Could you please help? Is there any other way to calculate the intercept value for the exponential trendline? When doing this function EXP(10698.8236831922), I am getting infinity as you said the largest value is about EXP(709.782712893384).
I couldn't draw trendline for the exponential type due to getting infinity for intercept field. Please let me know, is there any other way to calculate intercept value.
Thanks in advance.
JoeUser2004 Thanks for the reply.
I used the suggested =AVERAGE(LN(B1:B5)) - m*AVERAGE(A1:A5) for calculating b. When using EXP(b) again I got #Num! error. When evaluating the EXP(b) value, the resultant value will be like
How do I get rid of this?
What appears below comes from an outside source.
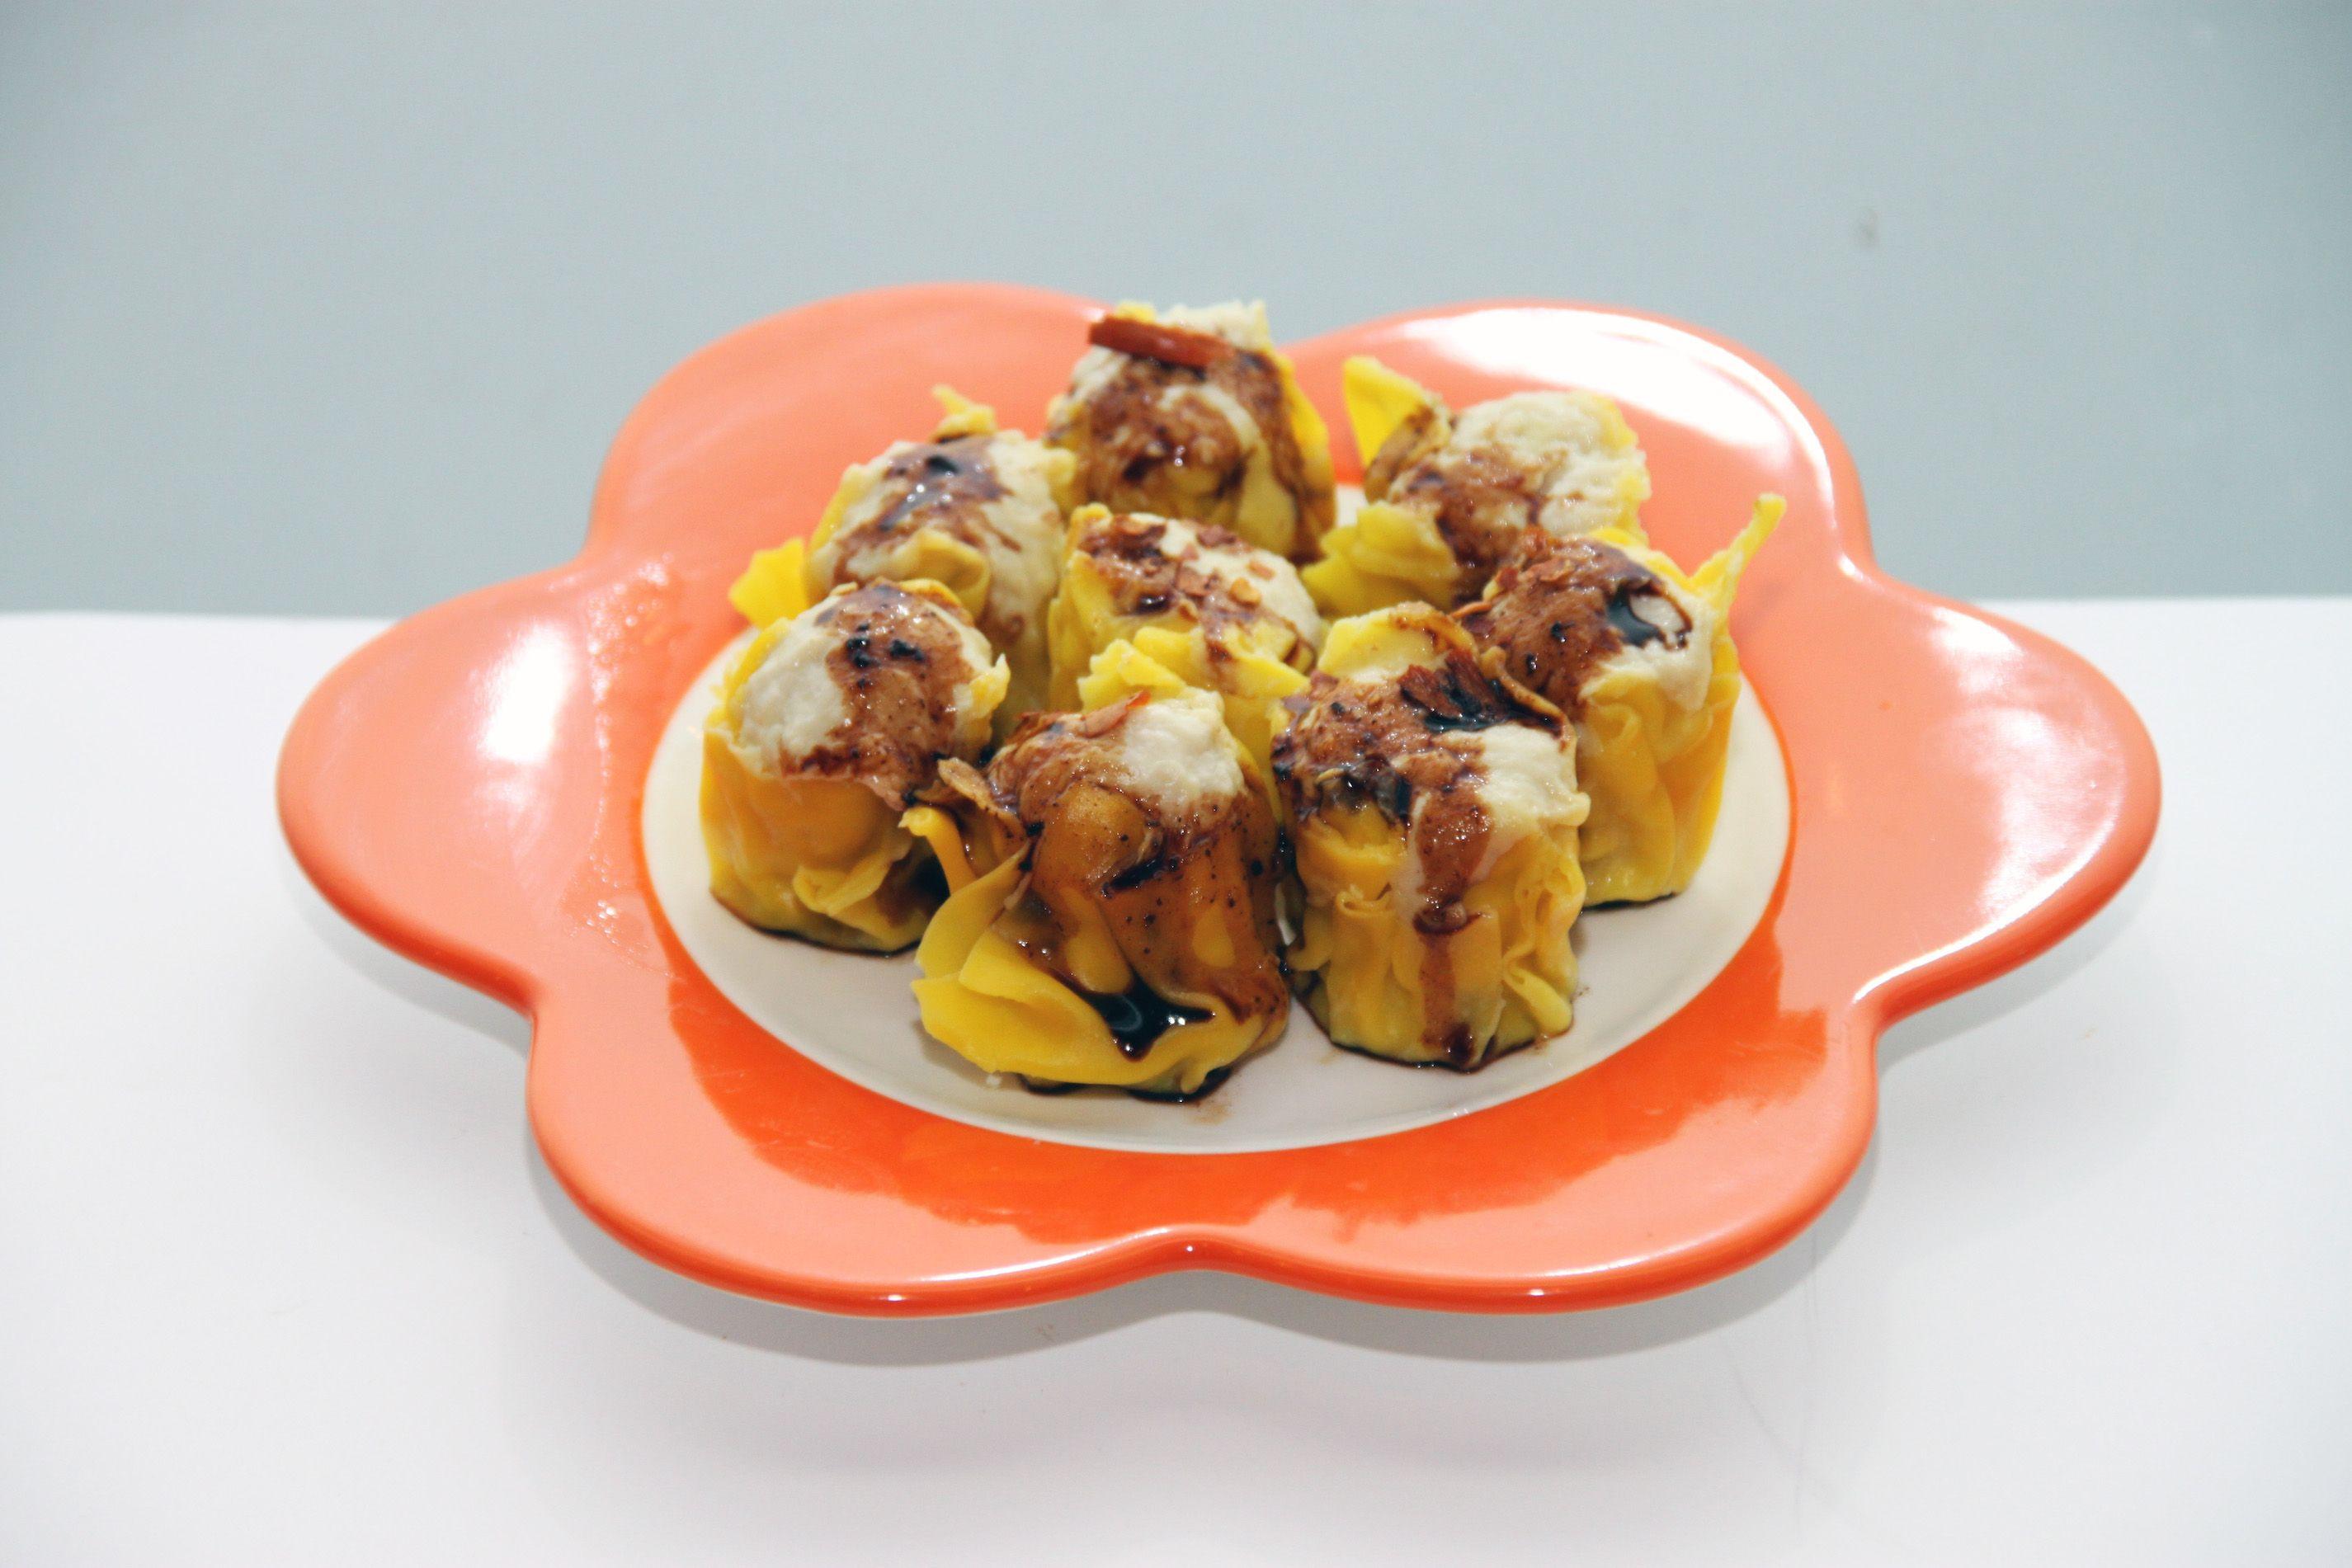 Fish siu mai 魚肉 燒賣 鱼肉 烧卖 food appetizers breakfast

Is there any other feasible way "2E+308" or "1.79769313486232E+308" to get this value for b.
Thanks in advance.
(Resubmitted to improve example, with critical correction.)
gayathrimanick wrote: ``I used the suggested =AVERAGE(LN(B1:B5)) - m*AVERAGE(A1:A5) for calculating b. ``
To be clear, that was suggested and necessary only ``to convert this equation to equivalent c# code``, as you requested.
In Excel, I would continue to use INDEX(LINEST(LN(B1:B5),A1:A5),1,2) to calculate "log b" for the linear formula ln(y) = m*x + ln(b).
And I would use EXP(INDEX(LINEST(LN(B1:B5),A1:A5),1,2)) to calculate "b" for the exponential formula y = b*EXP(m*x).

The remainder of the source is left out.